▶ Work to complete: Your reply should be the whole listing, copied exactly, with the pictures left out.

▶ Collected data:

· · · · · · ·

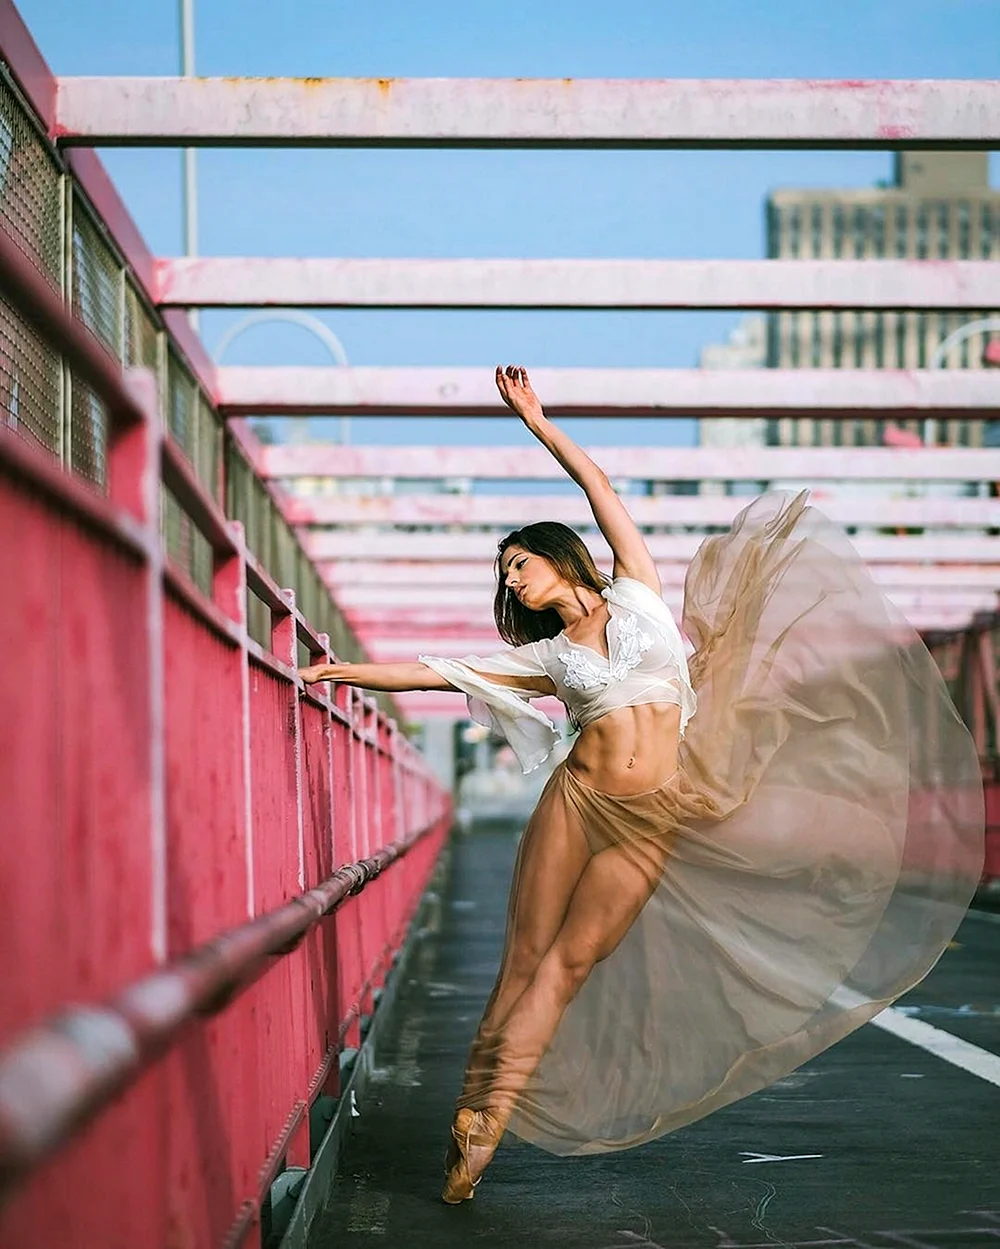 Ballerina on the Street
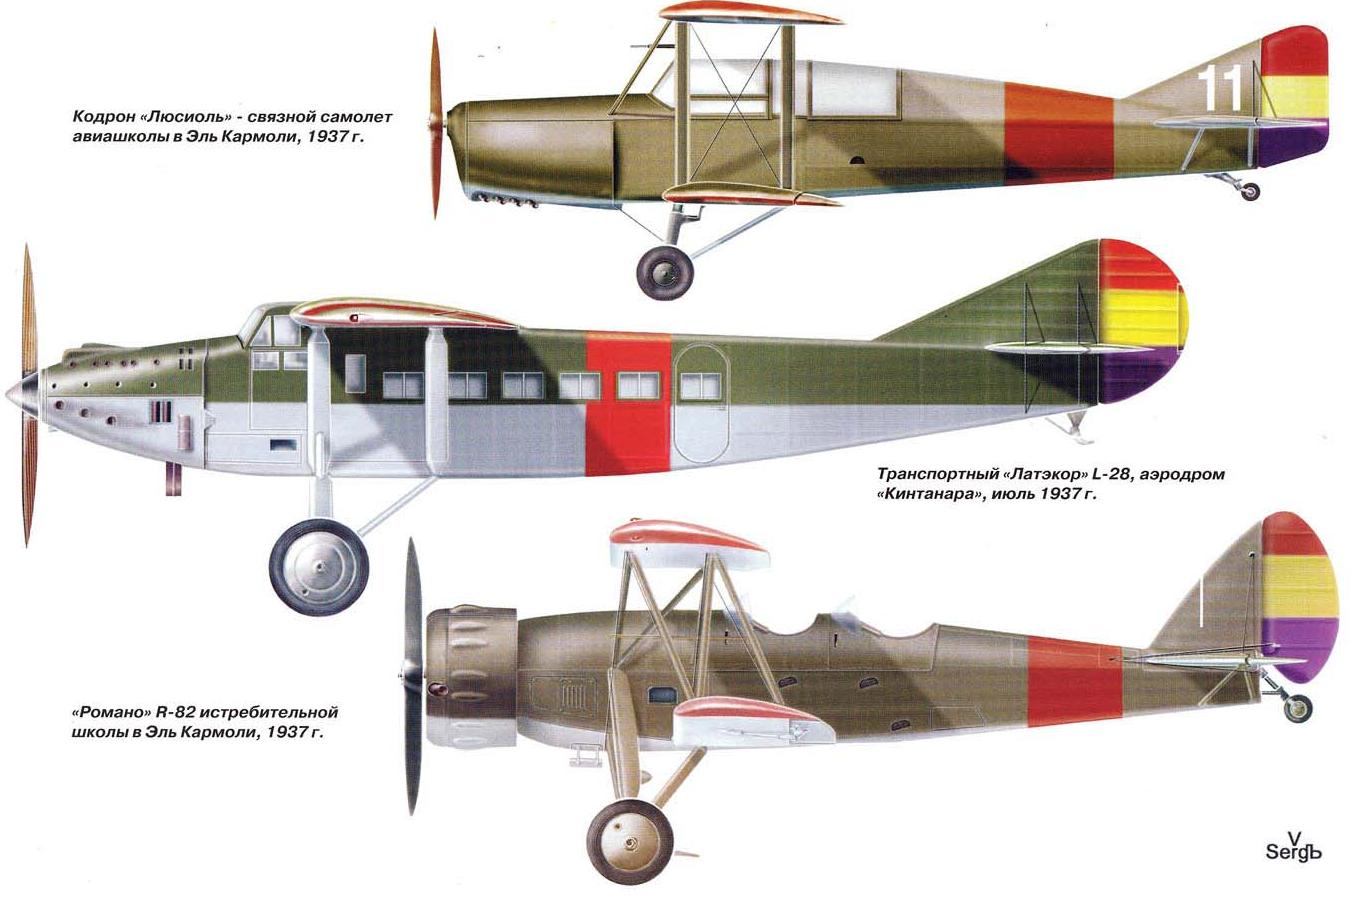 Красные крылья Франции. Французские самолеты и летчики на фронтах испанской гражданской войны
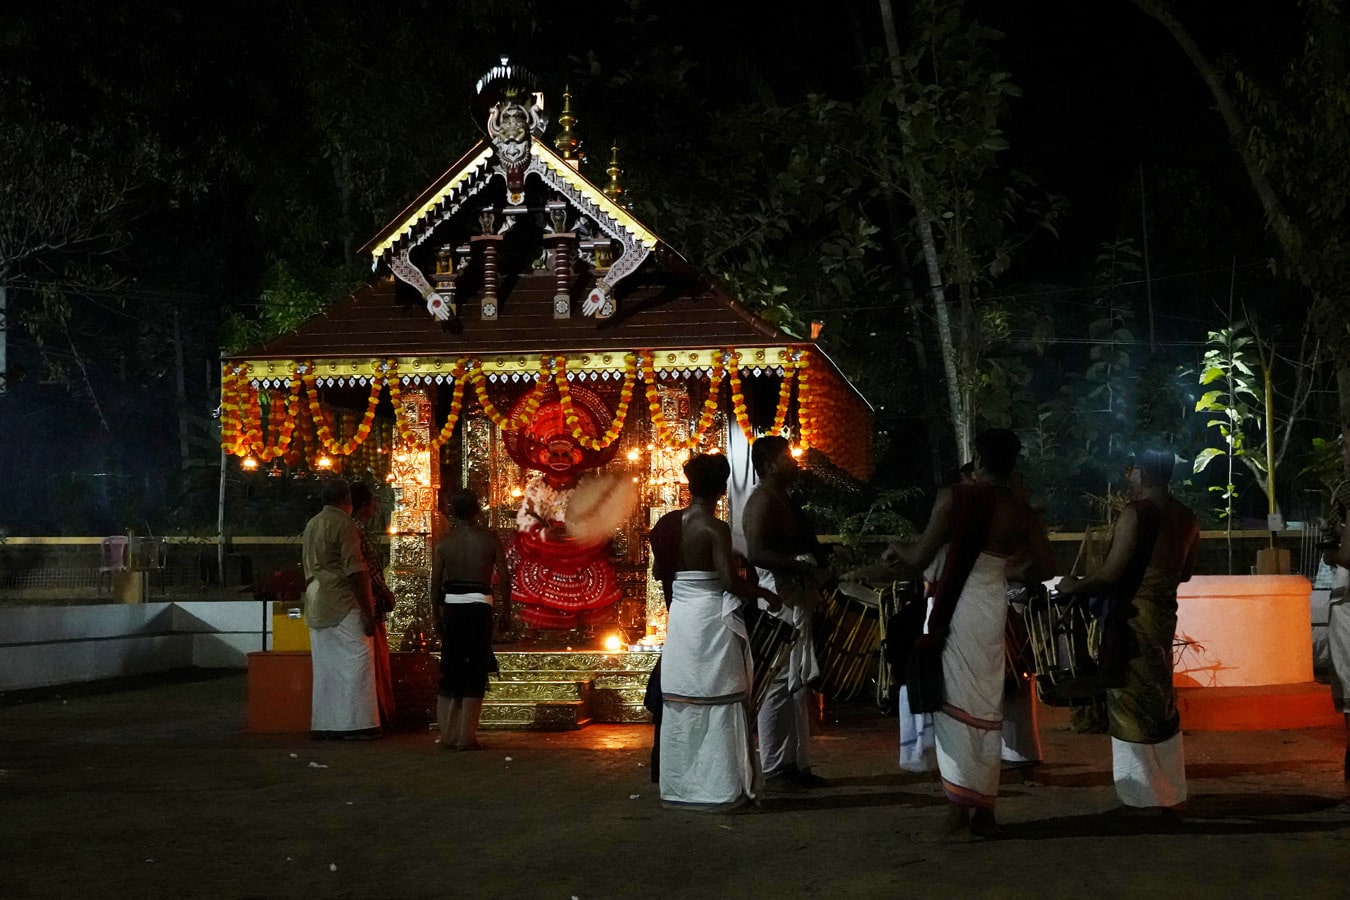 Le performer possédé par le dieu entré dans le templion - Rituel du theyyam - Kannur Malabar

· · · · · · ·

▶ Response to the task:
 Ballerina on the Street
 Красные крылья Франции. Французские самолеты и летчики на фронтах испанской гражданской войны
 Le performer possédé par le dieu entré dans le templion - Rituel du theyyam - Kannur Malabar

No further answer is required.